A college friend and I talk about NPR hosts the way my mom and her best friend talk about Pakistani soap stars, dissecting and judging their love lives and eating habits.
Now there's the Public Radio Talent Quest, a Project Runway for NPR geeks that's been playing out online all summer. Prospective hosts have sent 1,400 audio pitches for new shows, and three finalists get money to produce a pilot for the Corporation for Public Broadcasting. Judges include two of my favorite radio people: Jay Allison, the host of This I Believe (check out this piece on his teenage daughter grilling him after his first post-divorce date) and local Julie Shapiro, of the Third Coast festival. A-listers like Terri Gross, Ira, and Bob Edwards were trotted out to lend sexy promo spots to the site.
Not surprisingly, this being TAL country, three Chicagolanders made it to the top ten.

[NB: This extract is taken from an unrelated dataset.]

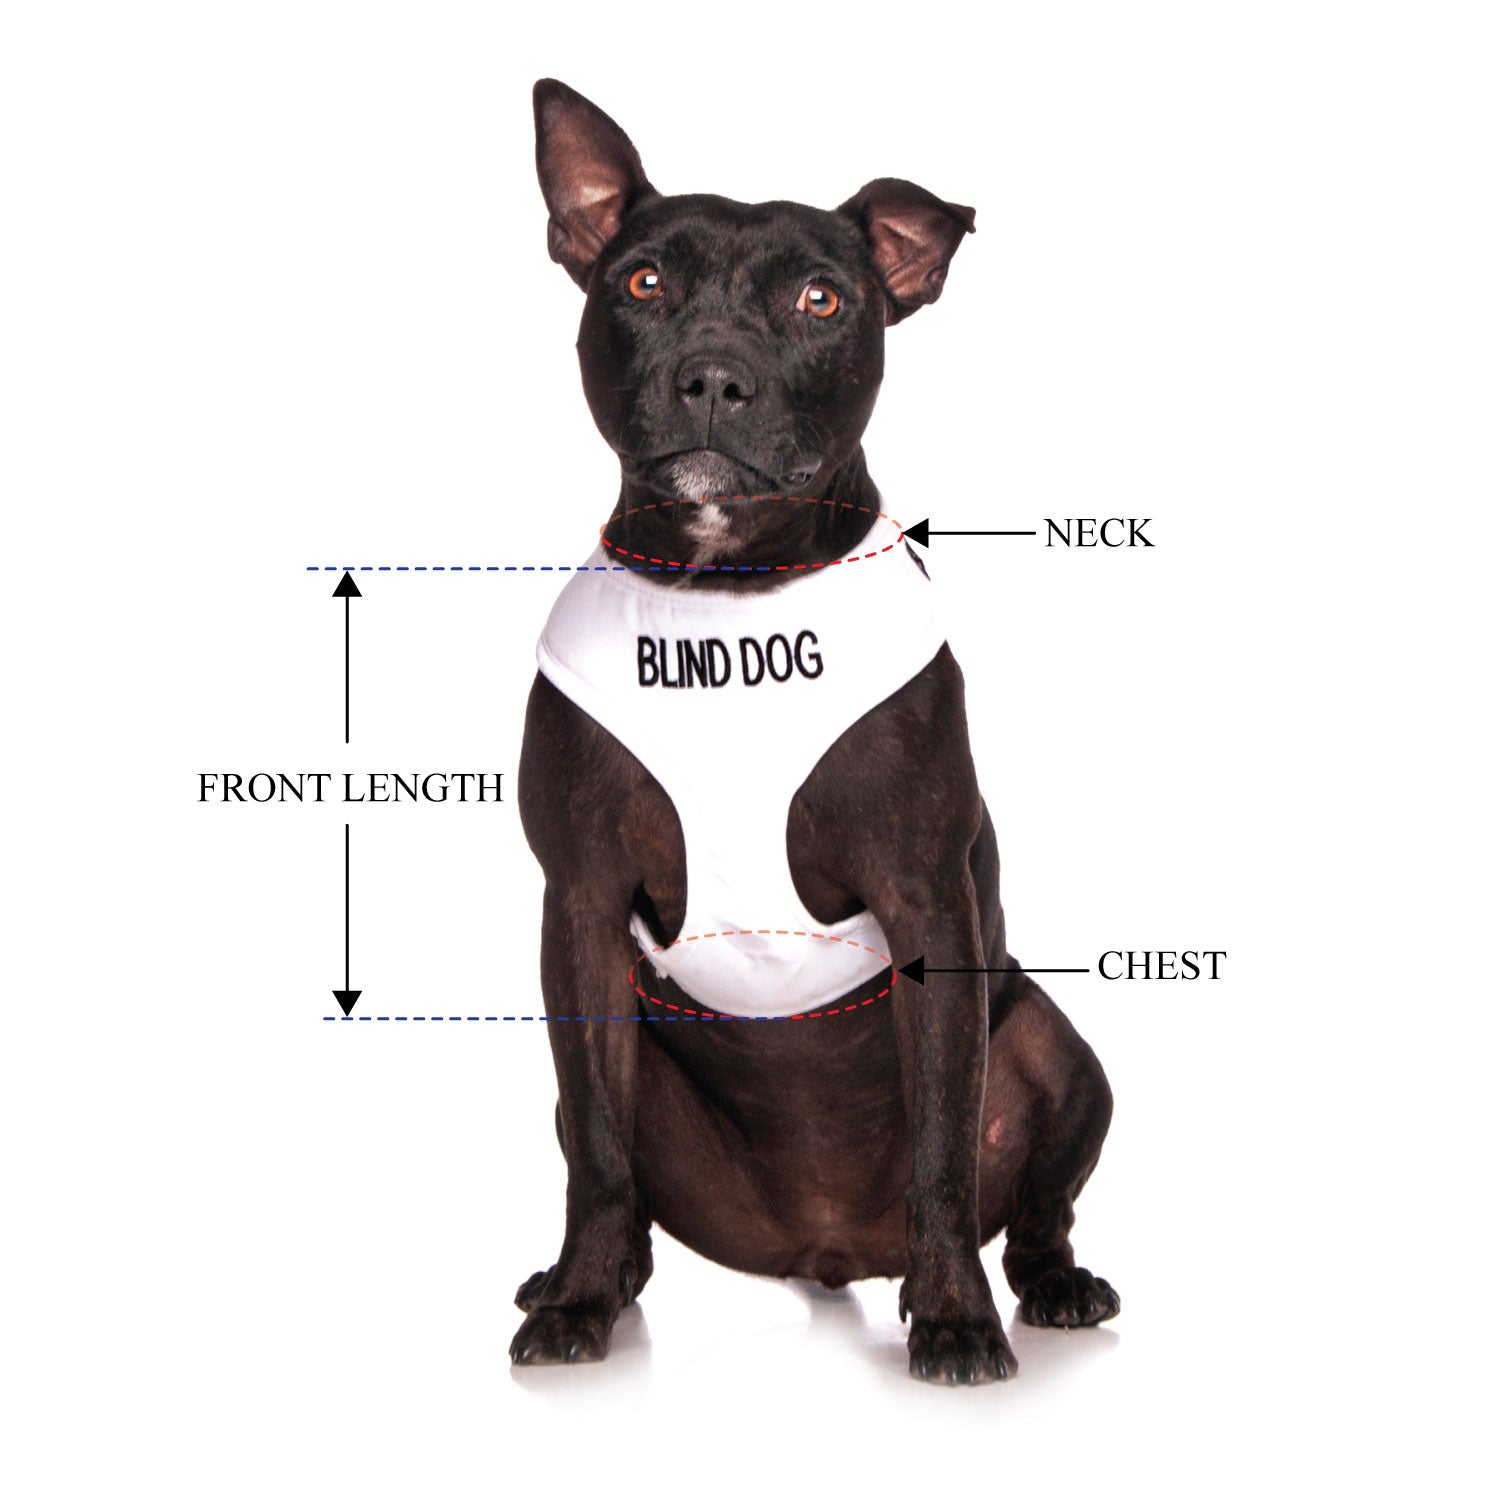 BLIND DOG - Medium adjustable Vest Harness

My favorite, Carrie Kaufman of Flossmoor, who publishes the arts rag PerformInk and was a host on LesBiGay Radio in the 90s, got cut in round three. She's sweetly kooky in a way that reminds me of the student librarians at my women's college, and, aurally at least, she's a dead ringer for Paula Poundstone.

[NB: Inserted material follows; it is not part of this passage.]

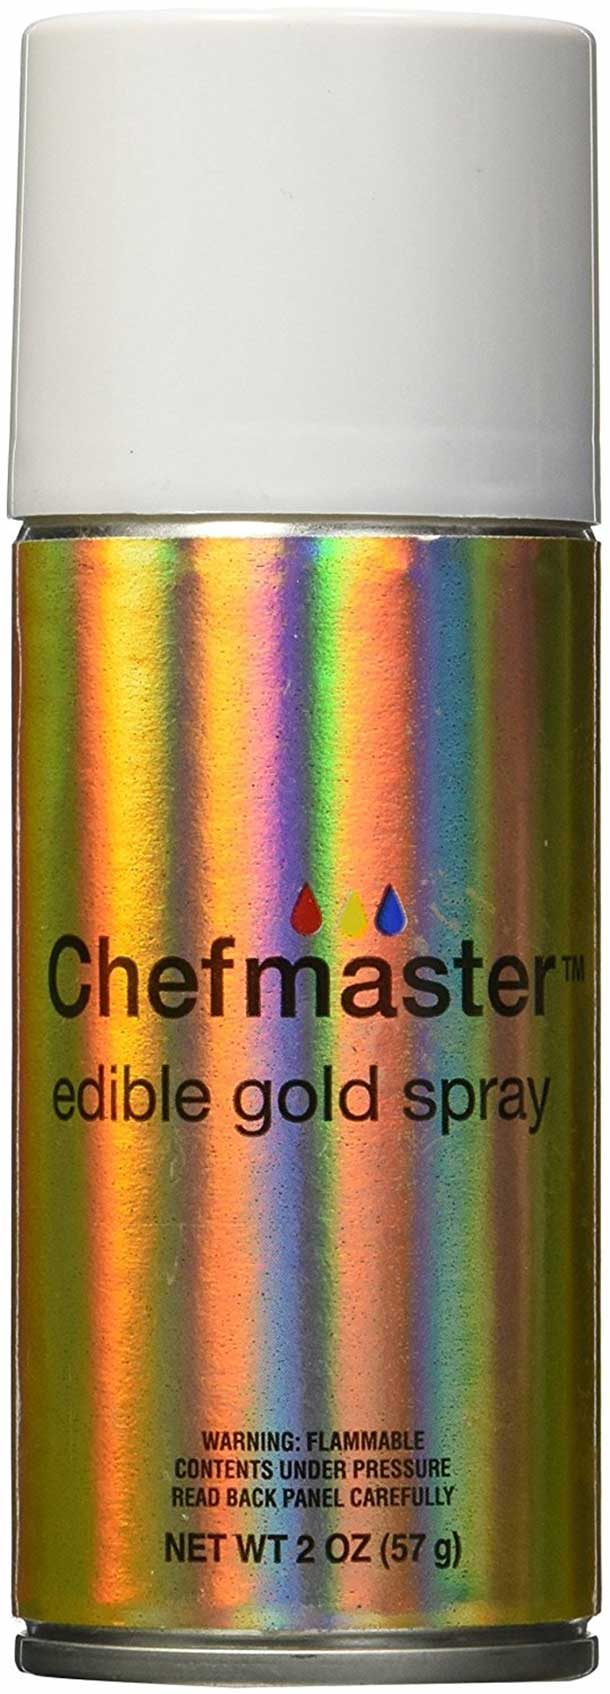 edible gold spray

The other two locals just got cut, and neither was a surprise. They were Chuck Mertz, a rockabilly type who hosts the ranty far-left talk radio show This Is Hell Saturday mornings on WNUR, and Anne Glickman, a freelance producer in the Sarah Vowell vein, breathless and brilliant and unapologetically annoying. Like Kaufman, they were the Naders and Deans (or the Santinos and Sanjayas) of this horse race; intriguingly wacky but ultimately unelectable.
The surest bet all along has been April Baer, 34, who's worked her way up at local NPR affiliates on both coasts over the last decade. She looks and sounds NPR-groomed: confident, smooth-voiced, sharply intelligent, inoffensively hip enough to name-check Amy Winehouse and Steven Colbert in her About Me. "Like all other members of the family," she writes, "I owe a great debt to Ira Glass, who reminds us that radio is a conversation not a recitation." (I imagine that phrase piped in, Brave New World-style, over the PA system at NPR HQ.)
To her great credit, Baer copped to being a "type" in a long post about why dues earning and rung climbing matters. It was a thoughtful response to commenters griping about her lack of newness--"If these interviews were musical styles, April would be canned-and-shipped smooth jazz FM"--and it made me like her, as much as I got a kick out of envisioning a new show by finalist Bee Jellyfish, a 24-year-old from LA who listed as a strength that "18 year olds love me. OMG" and says LA sounds like "sirens and helicopters with a splash of kittenzZz."